Costa Rica Part 8: The Hanging Bridges of Mistico Arenal

A hiker pauses on a bridge shrouded with mist and suspended high over the jungle. This hanging bridge, Puente Vista Arenal, is one of several spanning the deep arroyos of Mistico Arenal Hanging Bridges Park. Our Caravan tour visited this mountain jungle on our way to the northwest coast of the country. To locate Mistico Arenal on a Google map, click here.


A map of the park shows the walkway and its many bridges. The pedestrian-only trail wanders along the steep mountain slopes and crosses deep arroyos on six suspension or "hanging" bridges. In addition there are nine shorter bridges. Had the day been clear, we would have been able to view Arenal Volcano, one of Costa Rica's several active volcanos. However, the swirling mists provided a charm of their own.

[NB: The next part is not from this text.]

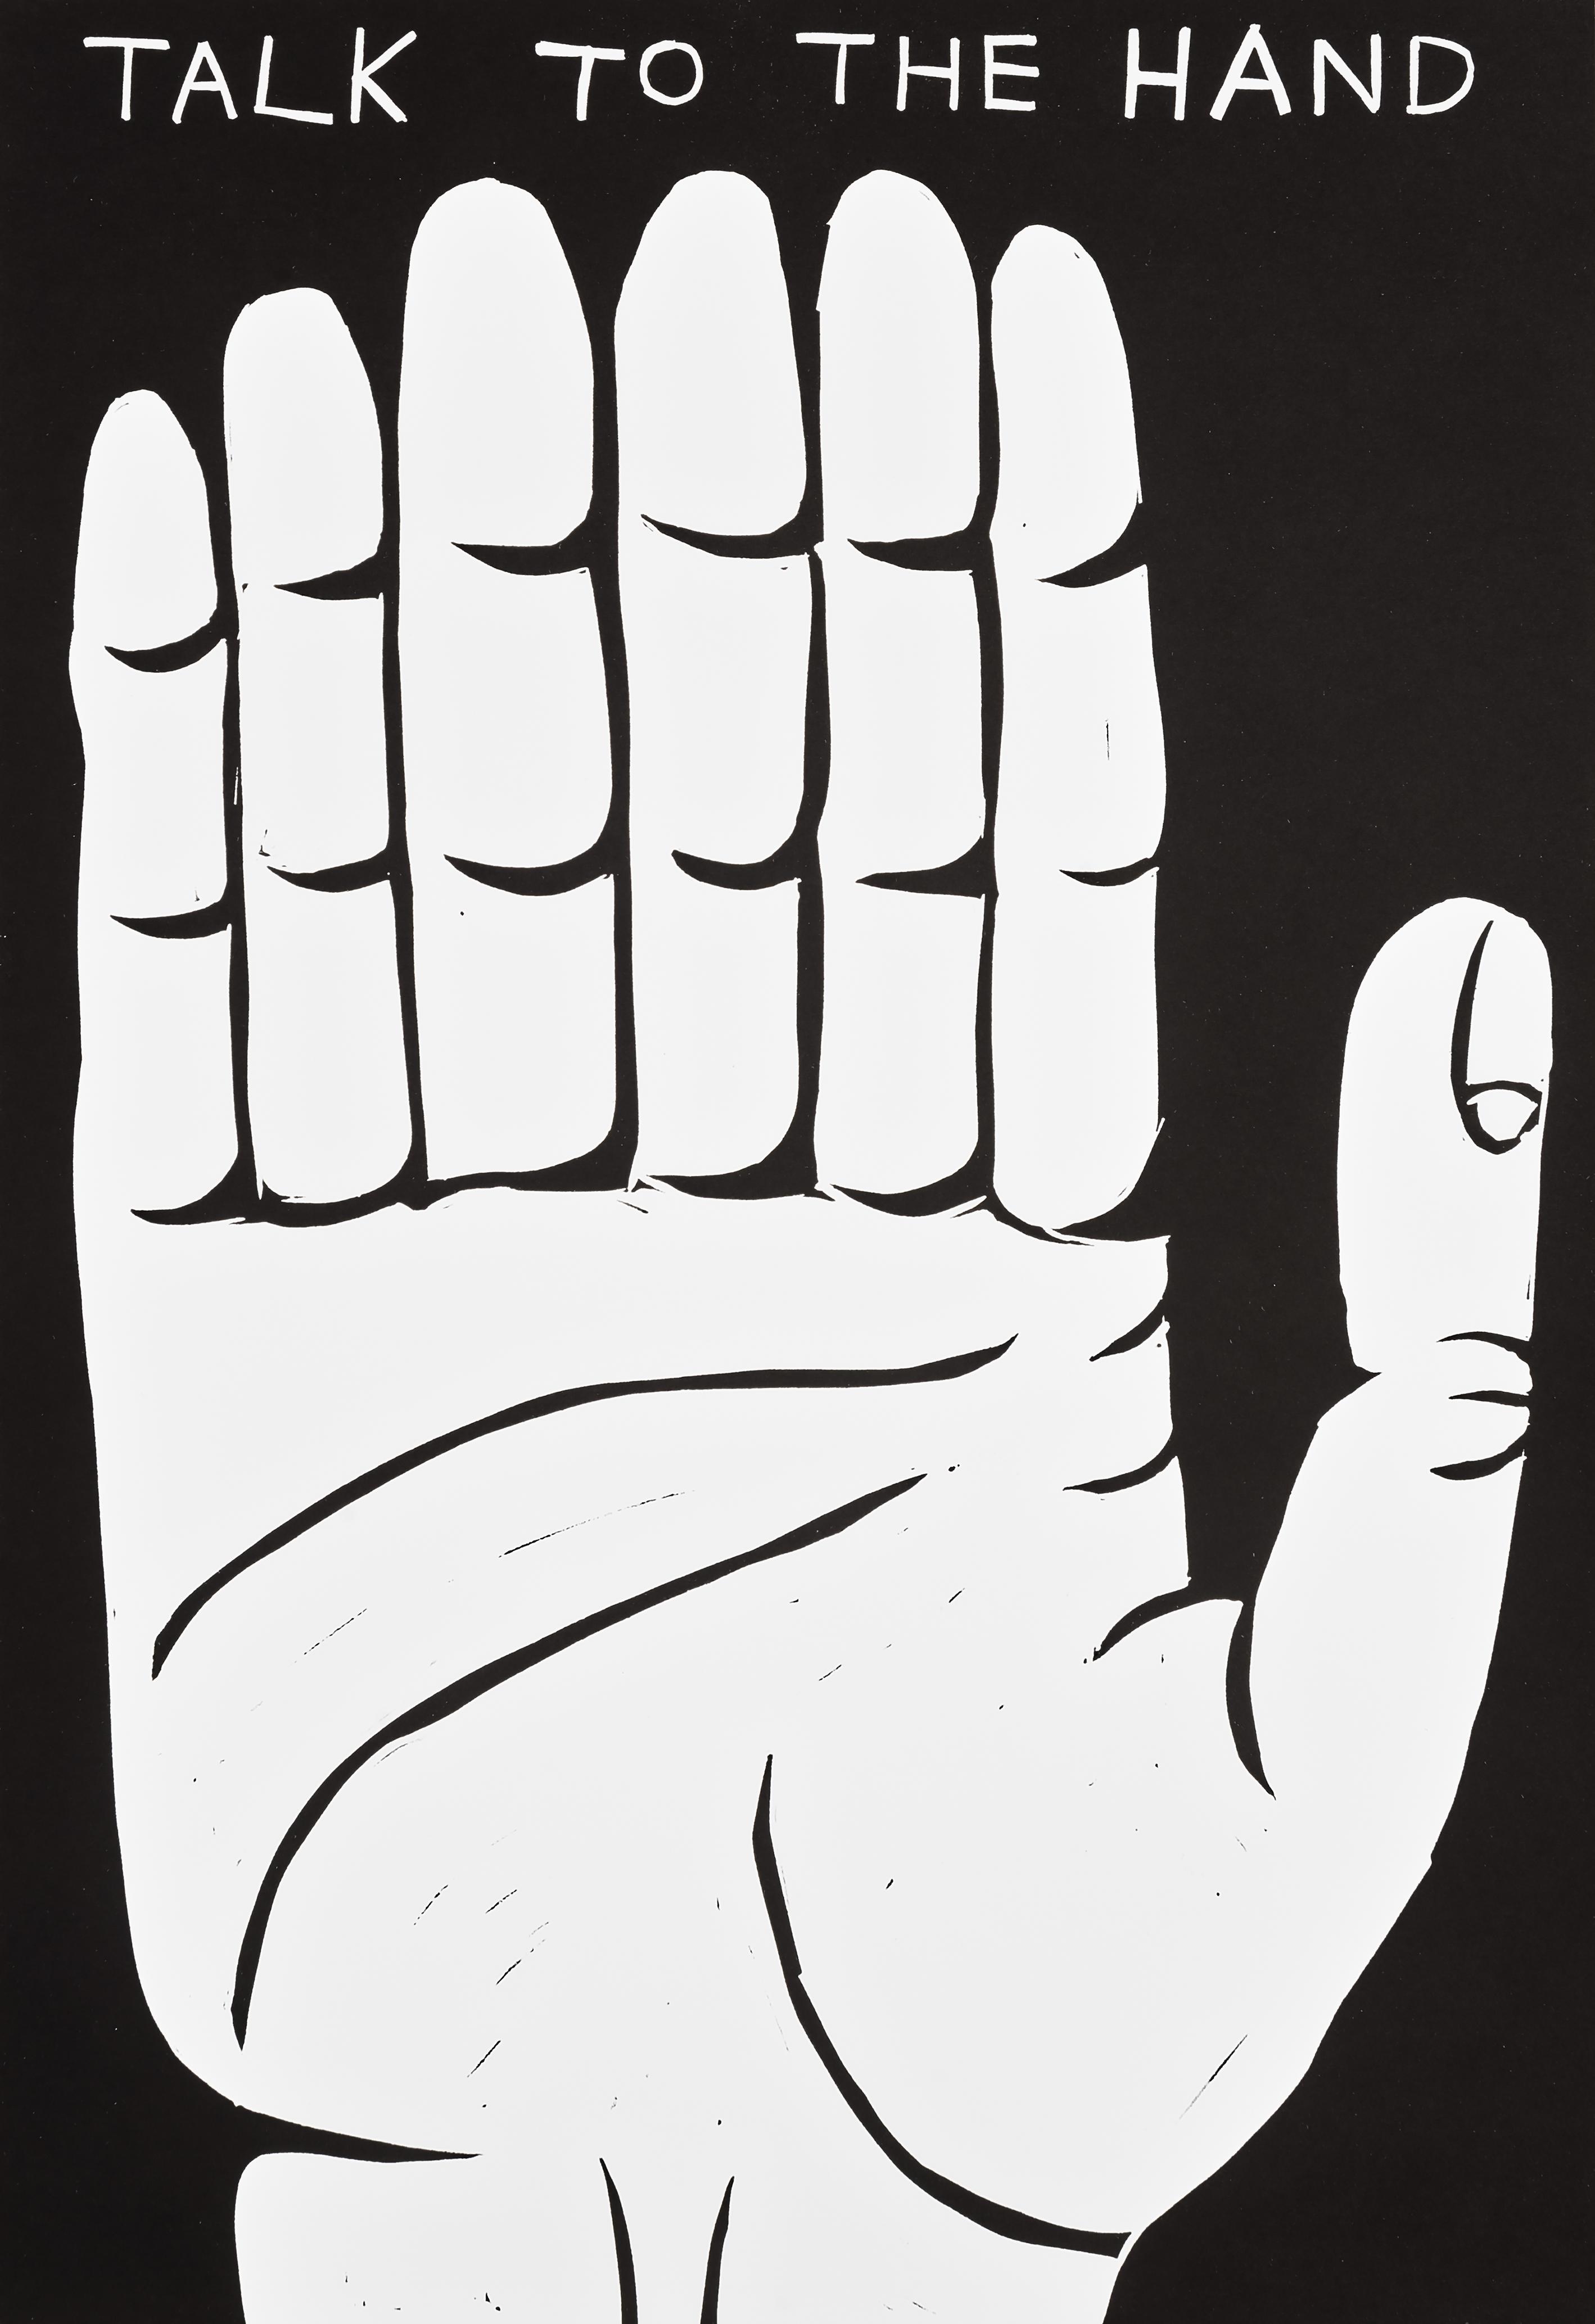 David Shrigley (British 1968-), 'Talk To The Hand', 2021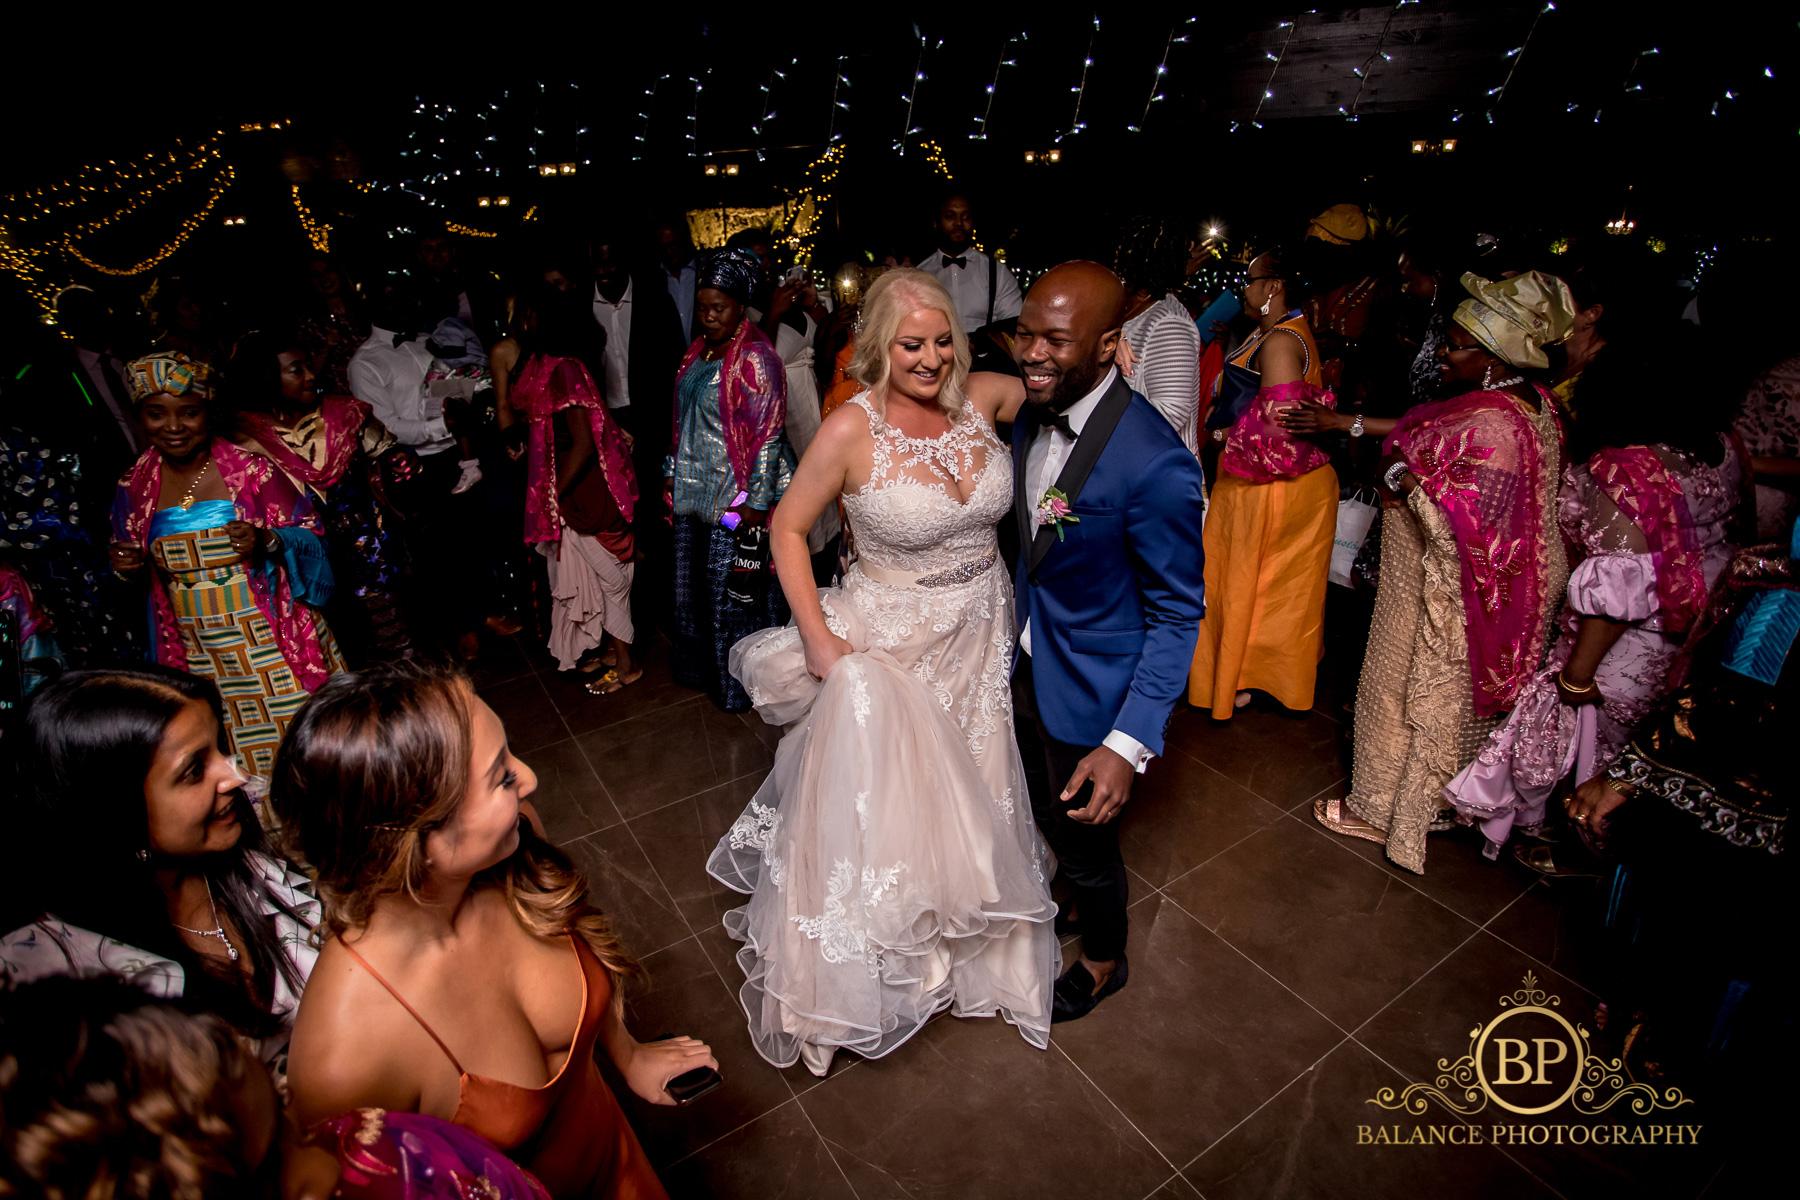 The bride and groom dance the night away - Balance Photography

A tiny snake lies curled on a plant growing in Mistico Arenal's garden. We encountered this fellow near the entrance to the hanging bridges walkway. The snake was so small that I could easily have missed it if our guide had not pointed it out. The creature was only a few inches long and, curled as it was, I could have easily mistaken it for a caterpillar or even something inanimate. I have been unable to determine the species and, if there are any reptile experts out there, I would greatly appreciate an i.d. This was about the only animal I saw in the park, although others in our party saw various creatures.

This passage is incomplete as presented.